There were other riots and marches that year too. Students famously rioted in Paris, almost bringing down the French government. Czechs marched for “socialism with a human face” during the Prague Spring, until Russian troops rolled into the city with tanks and crushed the demonstrators. American students protesting Vietnam fought Chicago police outside the Democratic convention. One year later, the Stonewall Riots in Greenwich Village were the beginning of Gay Pride and Gay Liberation in America.

Talking about this with friends makes me think that the 1960s had a beginning, a middle, and an end, each with a different character. The Sixties began with three great, groundbreaking books written by women: The Death and Life of Great American Cities (Jane Jacobs, 1961); The Silent Spring (Rachel Carson, 1962); and The Feminist Mystique (Betty Friedan, 1963). Last but not least, Martin Luther King gave his famous “I have a dream” speech in 1963.

The first phase of the Sixties was also about policy and legislation. We had the Civil Rights Acts of 1960 and 1964, the Clean Air Act in 1963, the Voting Rights Act of 1965, and the Immigration and Naturalization Act of 1965.

The kids (my generation) took over during the middle of the Sixties. Marches against Vietnam were frequent in 1968 and 1969, but the Summer of Love was 1967. I can remember to the minute when it hit my Connecticut boarding school, in September 1967, on the first day of school. A group of us were sitting around near the main entrance, looking like archetypal New England preppies, when two of my classmates climbed out of a taxi and walked towards us. They were back from a summer in the Bay Area, and they had long hair and were wearing bellbottoms and love beads. Under their arms, they were carrying the first Janis Joplin and Jefferson Airplane records any of us had seen in person. They both flashed the peace sign when they saw us.

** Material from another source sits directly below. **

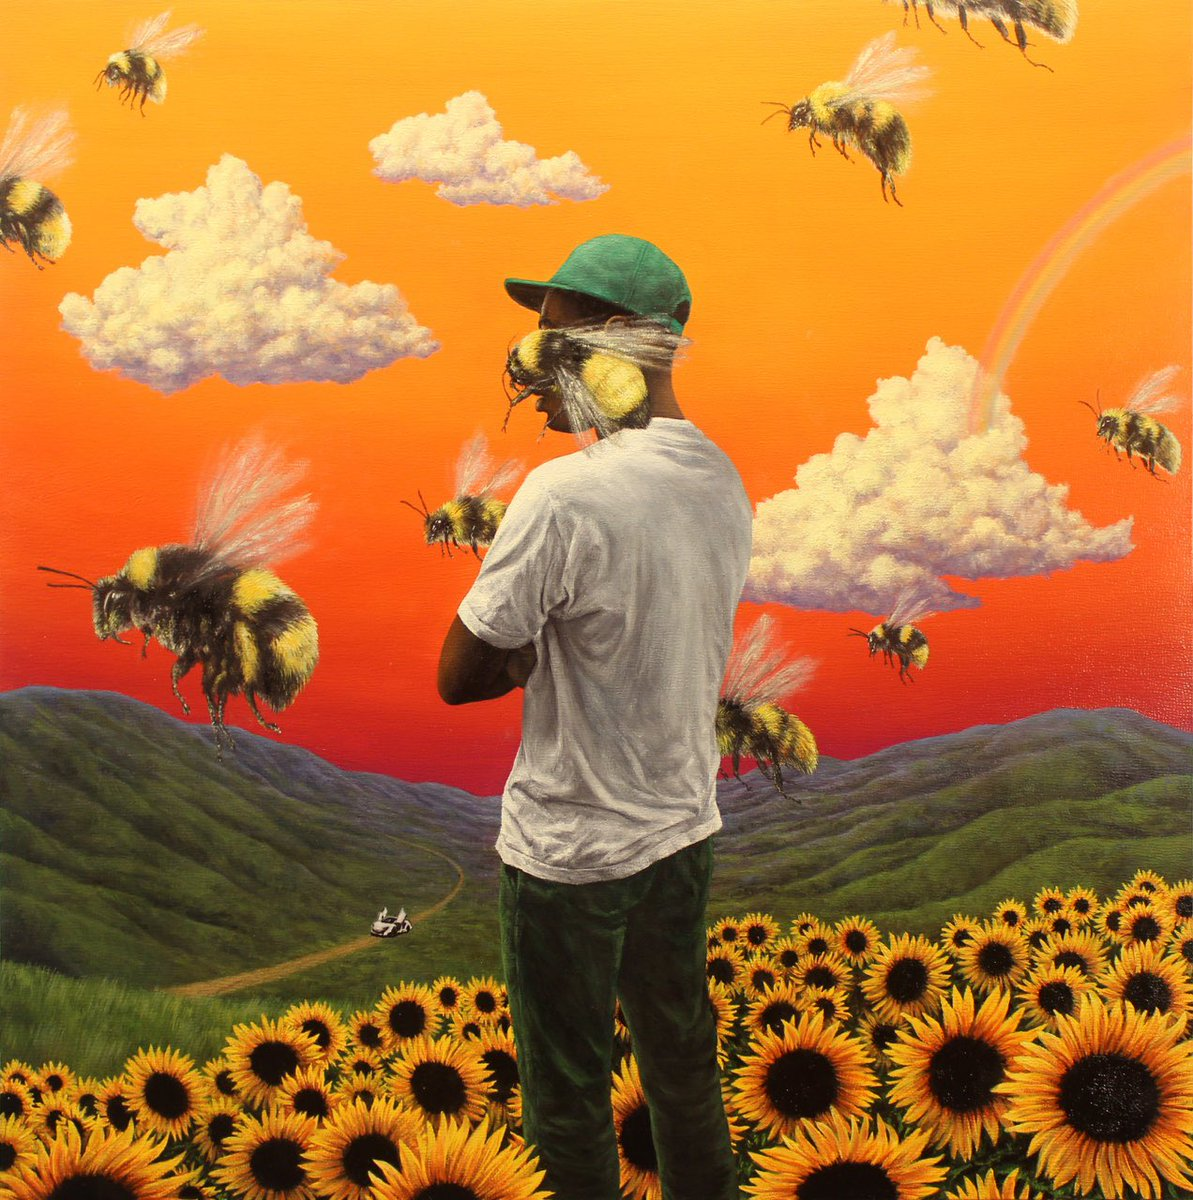 Tyler The Creator Speaks in Metaphors on New Album, 'Flower Boy'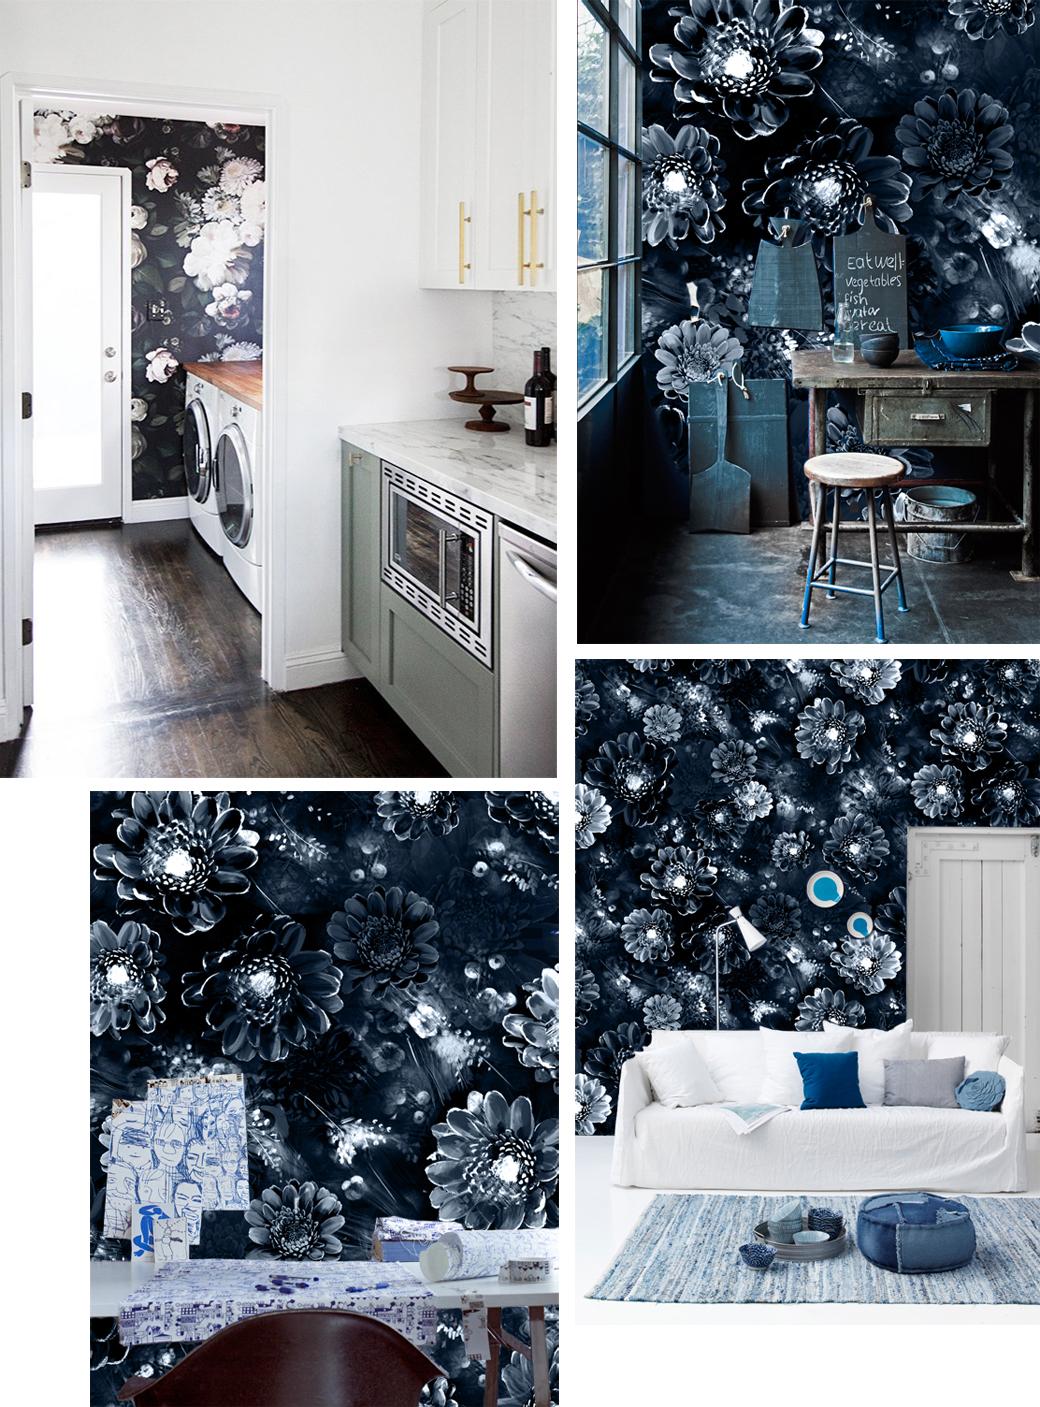 Black floral print wallpaper dark floral wallpaper by ellie cashman - All Others Ellie Cashman Rps1833_nikki_sitroom02_01_lowres

Two weeks later, the Sixties had swept through the school like a virus and we were all hippies, near hippies, or sort-of-hippies. Some of us only had a mild case, but no one was untouched. One way or another, Peace and Love forever changed those children of the establishment. The entire Western world was quickly flooded with children of the Sixties.

Why do I bring this up? Because the marches following the murder of George Floyd remind me of that side of the Sixties too. The young changed the world in the mid-Sixties, and I think they’re going to again. I’m very hopeful that great things are going to come out of this.

In the Sixties, we gravely said, “Power to the People.” Today, We the People are marching in the streets, demanding justice for all.

I’ve pasted in my original post below (Happy Earth Day — The 21st Century Is The New Sixties?). But before that, one last point.

A difference between the marches and protests of the mid-Sixties and the protest going on now is this: the protests and riots in the 1960s were usually made up of either blacks or whites. The white marchers and rioters as a group were younger than the multi-generational black groups. Today’s marchers are mainly young, but they’re also black, white, Asian, and Latin. That’s due to the Sixties too.

Before the Immigration and Naturalization Act of 1965, American immigration law severely restricted the number of non-Europeans allowed to immigrate here. Lyndon Johnson changed that with his plans for what he called the Great Society, an ambitious plan to end poverty, reduce crime, abolish inequality, and improve the environment. We see that coming together in the recent marches.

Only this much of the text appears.